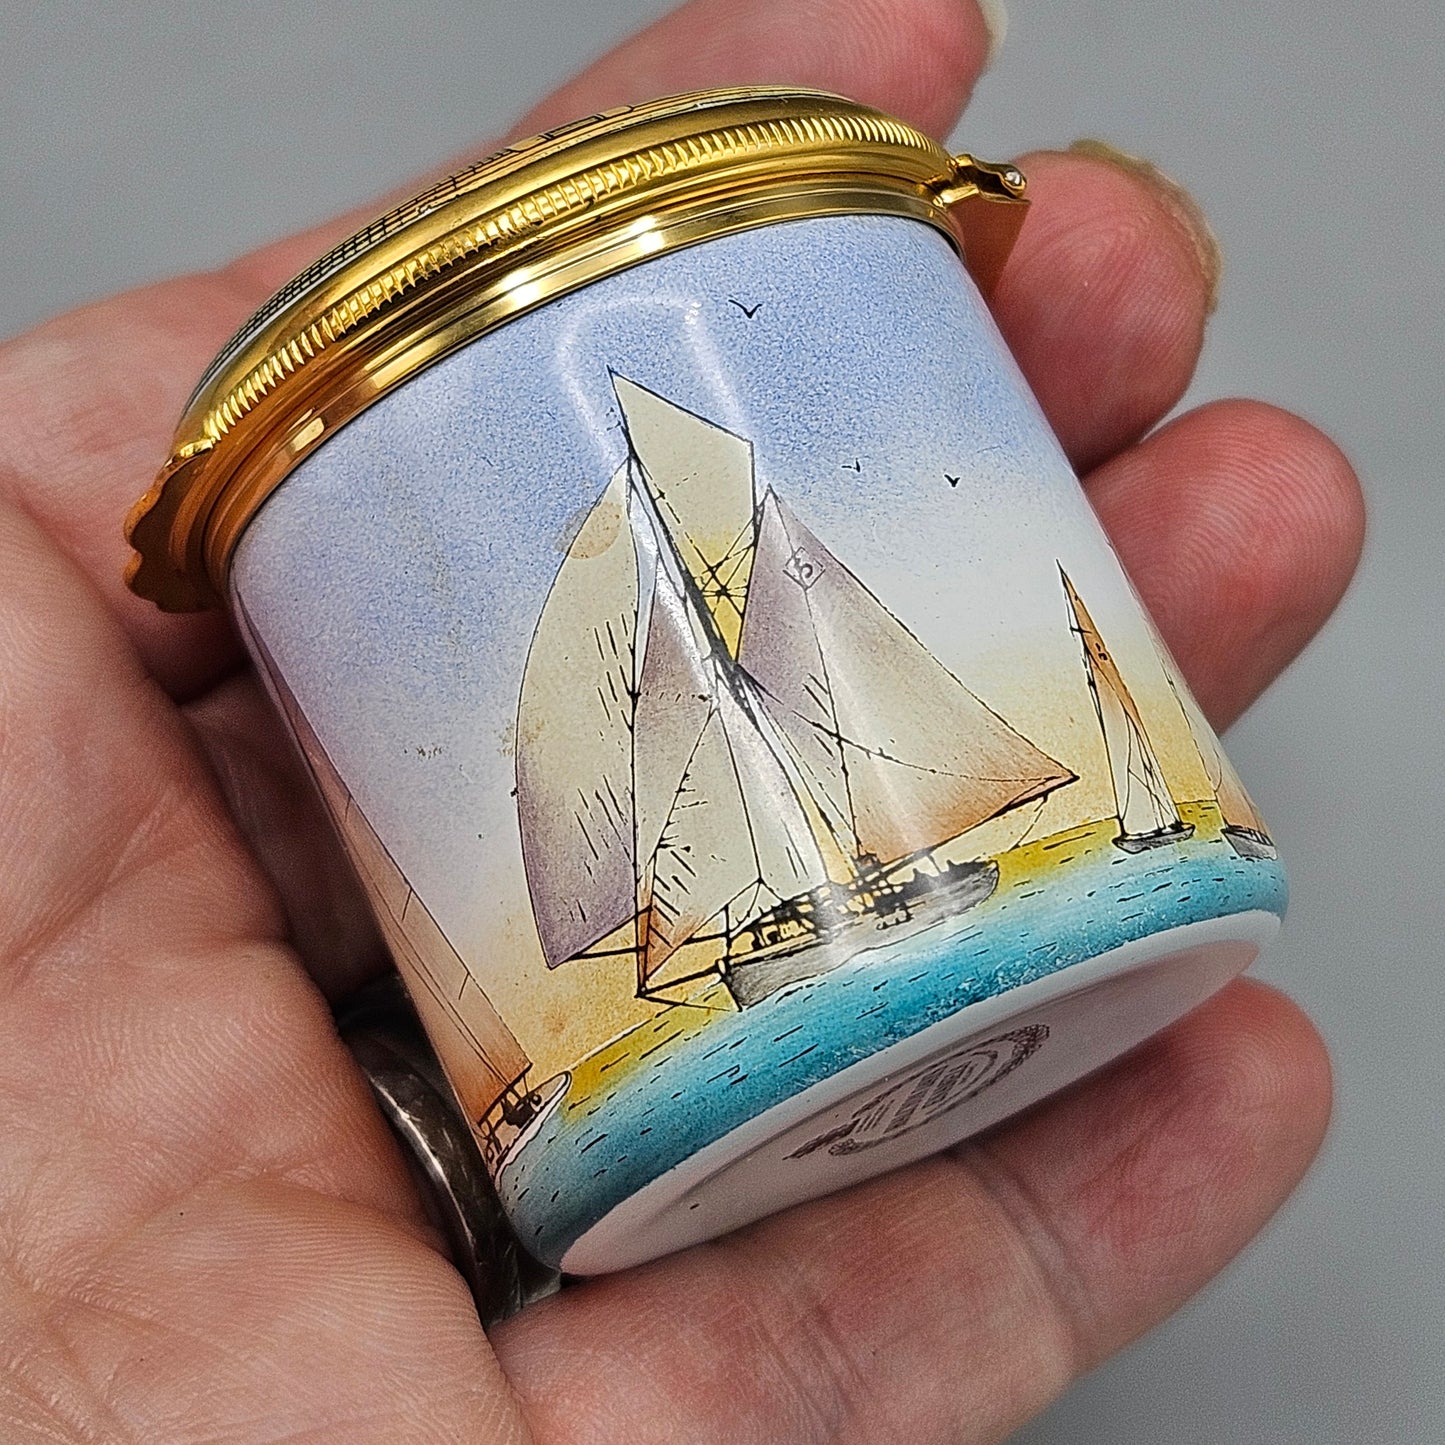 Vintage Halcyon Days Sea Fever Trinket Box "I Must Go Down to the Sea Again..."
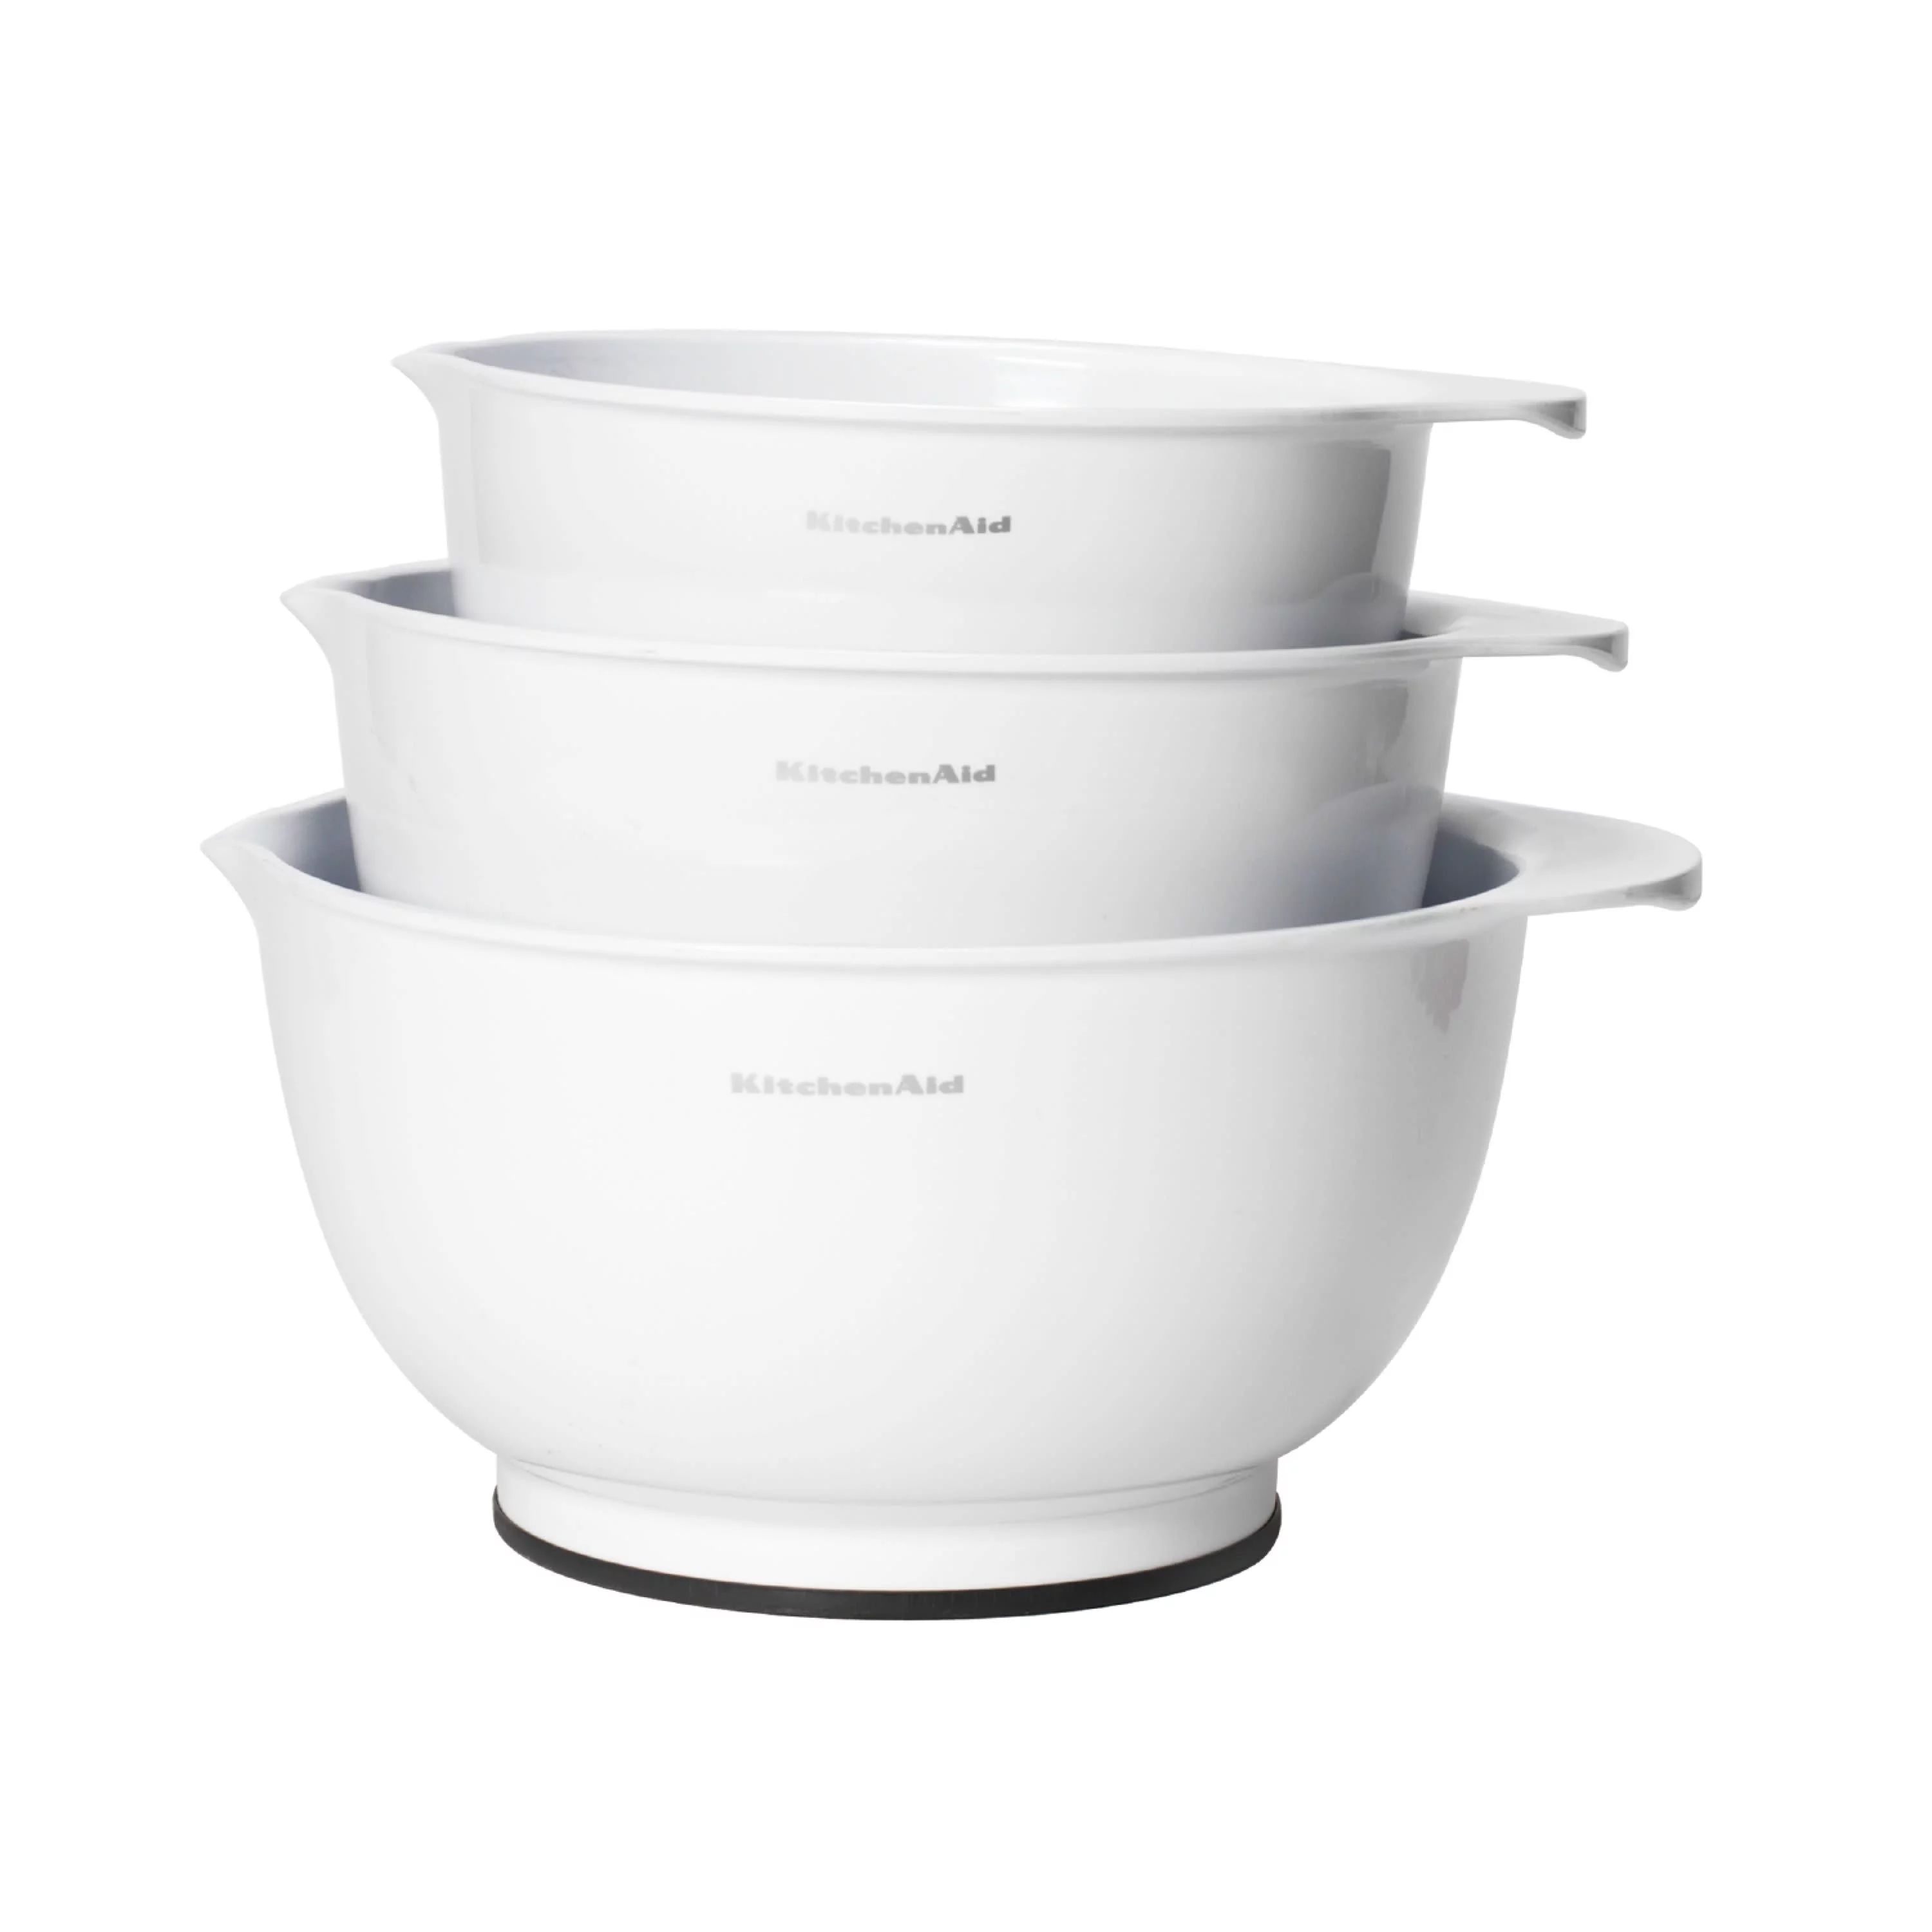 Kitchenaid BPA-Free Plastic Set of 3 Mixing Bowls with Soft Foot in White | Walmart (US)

==

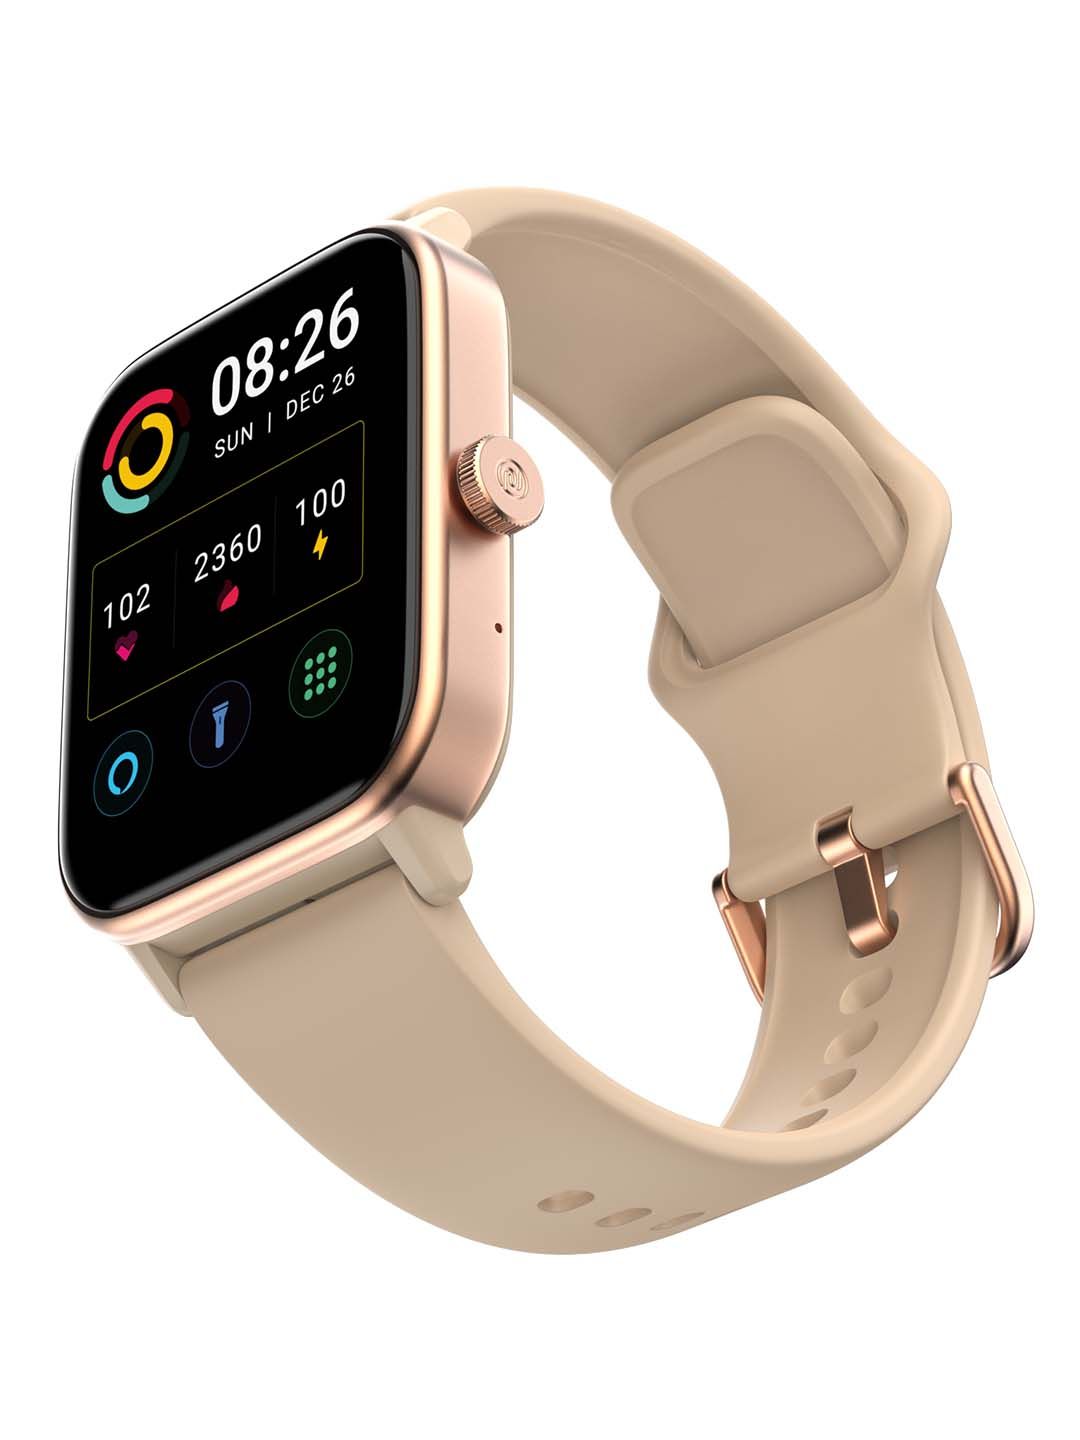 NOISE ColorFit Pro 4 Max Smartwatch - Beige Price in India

PROBLEM REQUIREMENTS:
From the records above, extract the lines from the one holding "Vintage Halcyon Days" through the one holding "Kitchenaid BPA-Free Plastic", word for word; omit the pictures.

OUTPUT FOR THIS EXERCISE:
 Vintage Halcyon Days Sea Fever Trinket Box "I Must Go Down to the Sea Again..."
 Kitchenaid BPA-Free Plastic Set of 3 Mixing Bowls with Soft Foot in White | Walmart (US)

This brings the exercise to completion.